Sunday, December 5, 2010

The Origin of the Names Sulu and Sug

The Origin of the Names Sulu and Sug

By Dr Benj S. Bangahan, Associate Professor, University of Santo Tomas, Manila, Philippines; Former Professor, School of Graduate Studies, Western Mindanao State University, Zamboanga City, Philippines; Founder and Editor-in-Chief, Tausug Krisblade Weekly and Lexicographer, English-Bahasa Sug Dictionary (soon to be published)


Lupa’ Sug and Tausug are terms that vividly picture the visages of a place and a people, respectively, as spin-offs of Sug, the name presently used to refer to the mainland of Jolo. The place and the people have not just been forced to withstand a series of conquests with bombs, bullets and bigotry from animus-laden whites and their progenies, which has been held in a continuum of centuries, but have also been made as innocent vehicles of inaccuracy in nomenclature which was made to ride almost indiscernibly hidden and which was shoved in by unmindful historians. The origin of the terms Sulu and Sug is error-tinged, and in fact, even the name Jolo itself has ensued from a peculiarity of the Spanish spelling and pronunciation that is misplaced in a non-Hispanic area.

History writers have stereotyped the process of evolution into the name Sug as having sprung up from the Bahasa Sug word sug, which means sea- or water-current. James Francis Warren, a relatively more contemporary writer (The Sulu Zone, 1768-1898) has written this line in a footnote of his introductory chapter that was based on Livingston’s Constabulary Monograph of the Province of Sulu (BH-PCL Vol. I, Paper 160, No. 1), to wit: “The name is derived from the islands’ location in an archipelago sliced by many swift flowing currents.”

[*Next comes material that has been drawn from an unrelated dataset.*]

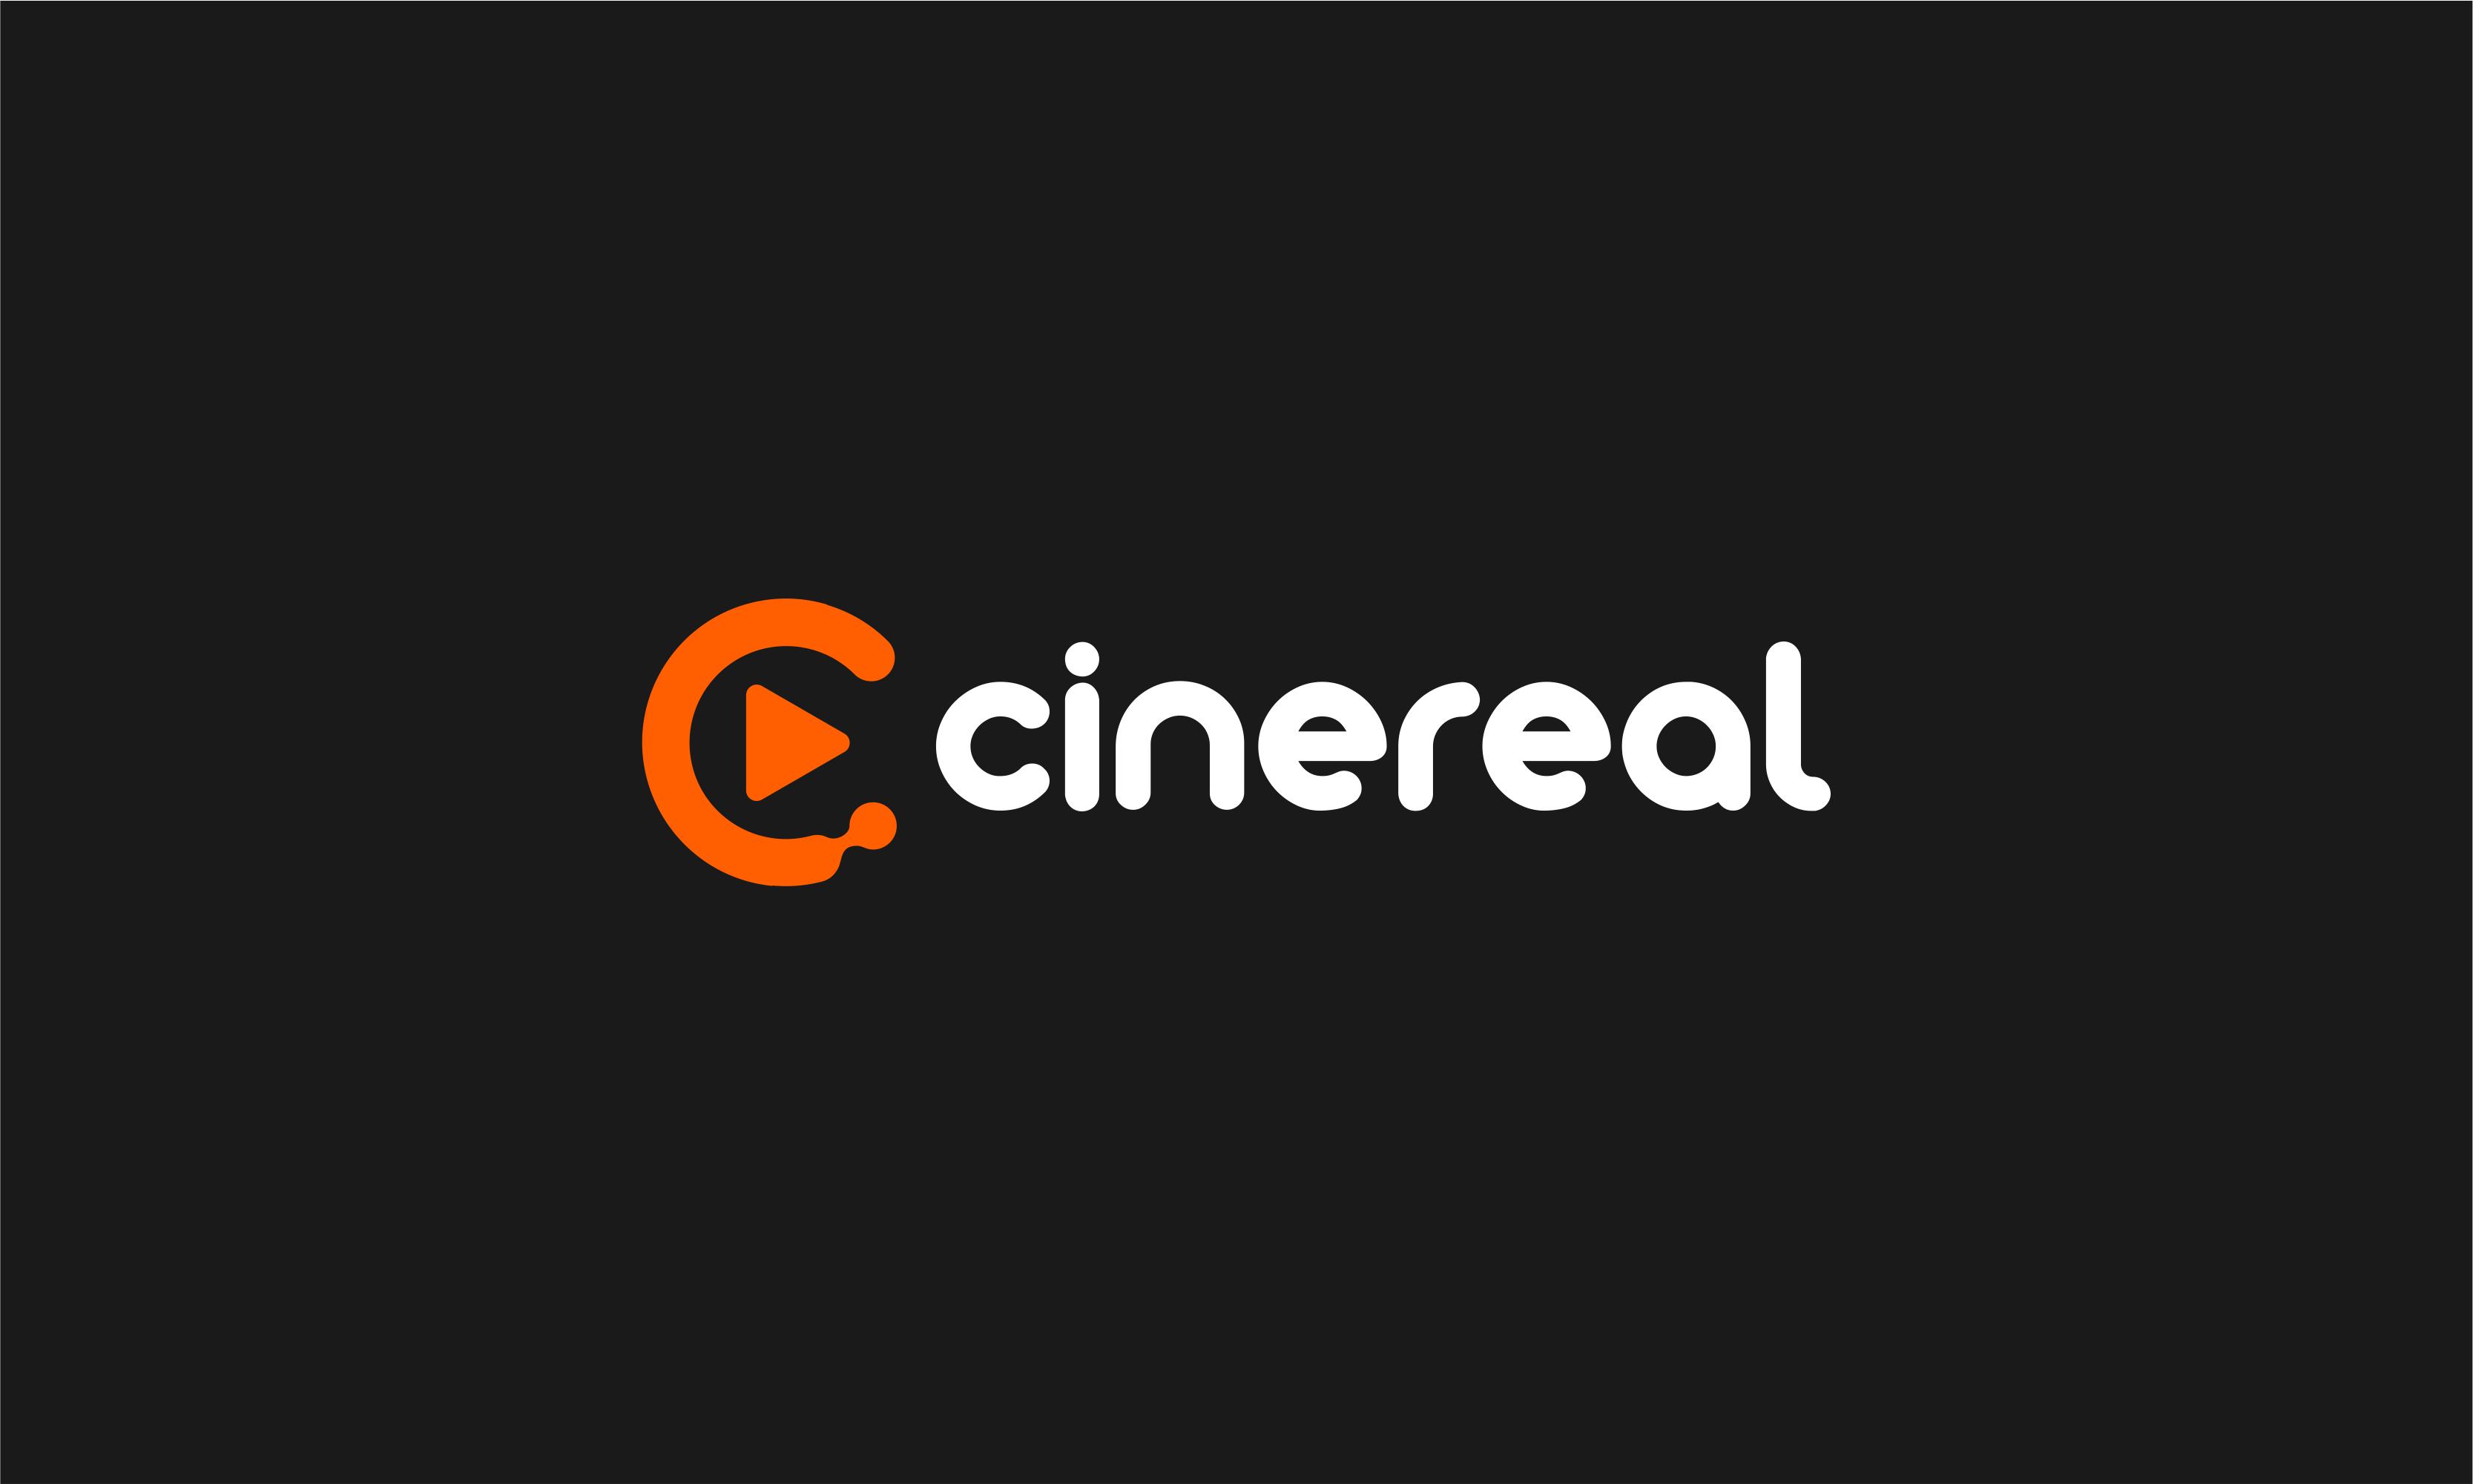 Cinereal

Livingston’s work appears to occupy a front position in the bandwagon that led the writers to the “sea-current” theory, although no date, unfortunately, can be made as a reference. But even Dr. Samuel K. Tan, a supposedly Tausug present-day historian, apparently has been sold to the idea since he also defines Tausug as “people of the current” (The Filipino Muslim Armed Struggle, 1900-1972), precisely like what other writers have. It is obvious that these history writers have freely joined the bandwagon and have been so for so long. It has even become predictable that when Sulu history is written about, the sea-current based theory of the name Sug is almost always there to the point that it assumes a monopolized derivation and therefore a semblance of being right.

It is the objective of this writer to bring to the fore a more probable source of the name and its spin-off forms.

For a background, let us take cognizance of the observation that at the time when Sulu was just being written about, which presumably was that historical phase when the place was just beginning to entice interested people, the pioneering chroniclers were non-Tausugs, and more hinderingly, non-Muslims: Blair and Robertson, Saleeby, Dalrymple, Santayana, Van Diyk, to name some. In this writer’s opinion, the writers’ being alien to the area had placed them in a detrimental and predisposed position, affecting even the Lebanese-American Najeeb Saleeby (author, The History Of Sulu), who has been claimed by Dean Cesar Adib Majul as “not quite knowledgeable about Islamic institutions” (Muslim in the Philippines, Chapter II), and who therefore suffered from the same predicament. The gist of Sulu history is an inseparable part of the Islamization process in the Southeast Asian area and should be looked at not with a worm’s eye view. Part of the preparation should be Islamic knowledge, and for ease and convenience, Islamic Sufism. From the foregoing it is easy to deduce that this is one attribute that the writers did not possess, an inadequacy that apparently shook their aim on the target, which is to come up with an adept historical exposition. With their bandwagoning the Islamization process has not been played up well, giving it no due importance. This has affected even present-day non-Muslim, even if home grown, scholarly historians, and perhaps the same difficulty can explain why no writer has ever been goaded to conceptualize that Sulu and Sug are just one and the same, or at least, one has led to the other. These are the primary names that this piece is going to explore, and this intends to show that the age-old explanation about Sug was based on an out-of-context use of the term sug, the sea current, and therefore needs to be rectified. It is further postulated that Sulu, or more properly its original name Suluk, ultimately gave rise to the name Sug.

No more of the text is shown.